RNA Extraction and RT-PCR. Total RNA was extracted (TRIzol, Invitrogen) and reverse-transcribed by using SuperScript II (Invitrogen). RT-PCR was performed with the following primers: 5′-CACAACGCACTTTCTTTCCA-3′ (cyclin D1 forward) and 5′-GACCAGCCTCTTCCTCCA-3′ (cyclin D1 reverse).

Immunoblotting. Lysates from cultured cells were immunoblotted by using monoclonal N-cadherin (BD Bioscience) antibody, which recognizes full-length fragments, and C-terminal fragments 1 and 2 (CTF1 and CTF2), polyclonal CBP A-22, polyclonal p300 N-15 (Santa Cruz Biotechnology), and monoclonal α-tubulin antibodies (Calbiochem). Immune complexes were visualized with enhanced chemiluminescence detection (Amersham Pharmacia).

Results

PC-12/L286V Mutant Cells Do Not Differentiate with NGF. PC-12 cells were exposed to NGF to induce differentiation. Whereas PC-12 cells overexpressing wild-type PS-1 cells (PC-12/WT cells) and vector-control cells (PC-12/Vector cells) had extensive neurite formation (Fig. 1 A and B), similar to PC-12 cell clones from American Type Culture Collection (data not shown), PC-12 cells expressing the mutant PS-1 (PC-12/L286V cells), as has been previously reported (17), exhibited significant reduced neurite formation (Fig. 1C).

Fig. 1.

Fig. 1.

NGF-treated PC-12 cells. PC-12/Vector control cells (A) and PC-12-overexpressing wild-type PS-1 cells (B) exhibit extensive neurite outgrowth after 8 days of exposure to NGF. (C) PC-12 cells expressing mutant PS-1(L286V) do not display significant neurites under the same culture conditions. Immunofluorescence of GAP-43 (green), a molecular marker of neurite outgrowth, demonstrates intense staining in the neurites of vector-transfected (D) and overexpressing wild-type PS-1 (E) PC-12 cells. (F) Lack of neurite outgrowth corresponds to the weak GAP-43 immunostaining in the PC-12 cells overexpressing mutant PS-1. (G) GAP-43 (green) was significantly elevated in the mutant cells that were treated with NGF and ICG-001. This neuronal protein was also observed in the neurites.

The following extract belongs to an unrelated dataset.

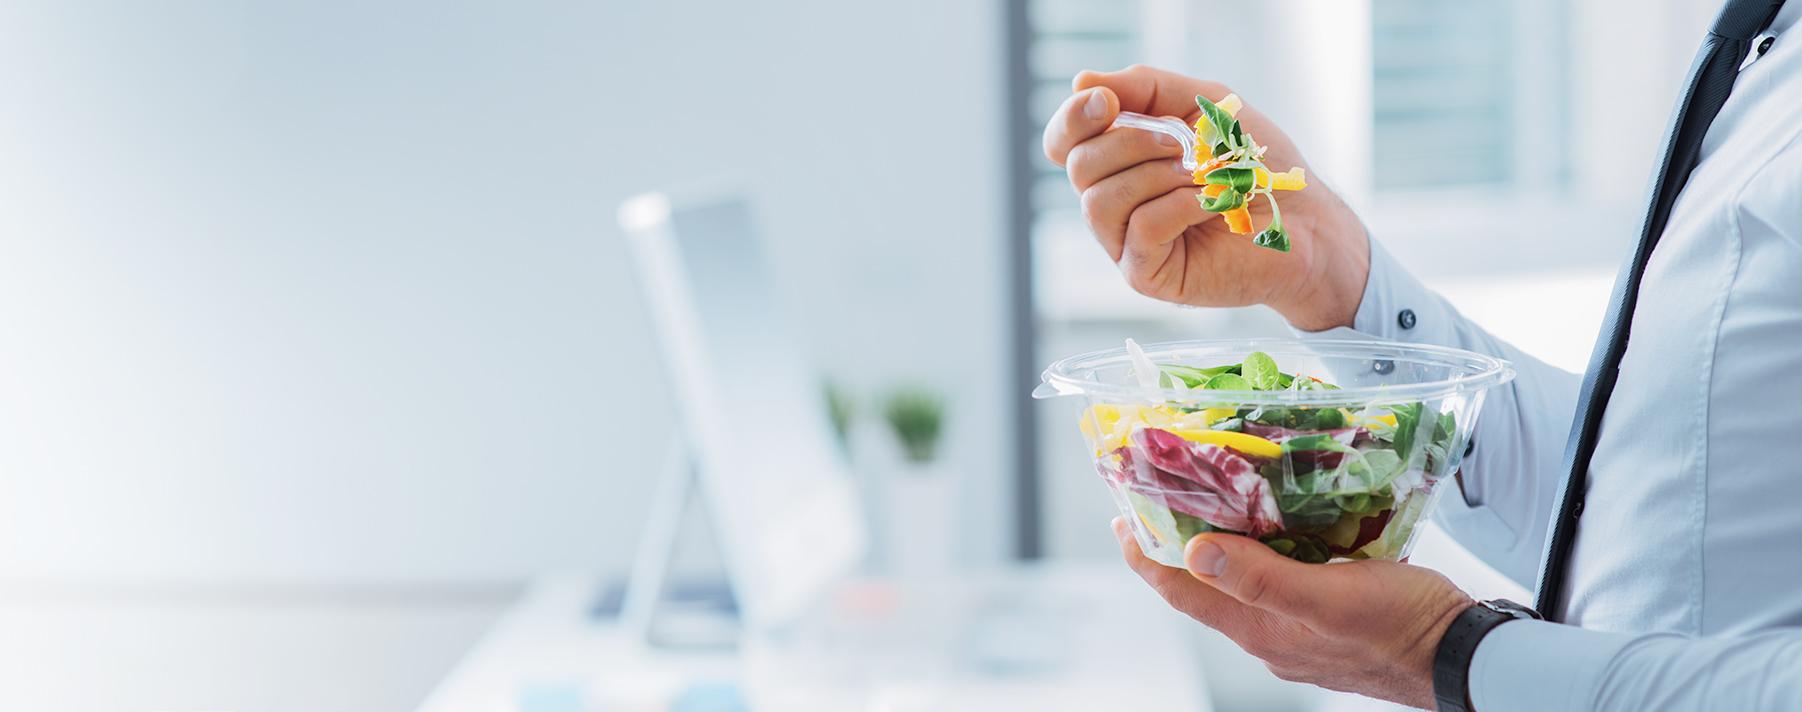 plato saludable segun harvard

GAP-43 is a neuronal differentiation marker (21, 22) and has recently been shown to be required for appropriate cell fate commitment (23). To validate our morphological observation at the molecular level, we immunostained for GAP-43 expression after NGF-induced differentiation. PC-12/Vector control cells and PC-12/WT cells displayed extensive expression of the neuronal differentiation marker GAP-43 (Fig. 1 D and E), whereas the mutant PC-12/L286V cells were essentially devoid of this neuronal marker (Fig. 1F).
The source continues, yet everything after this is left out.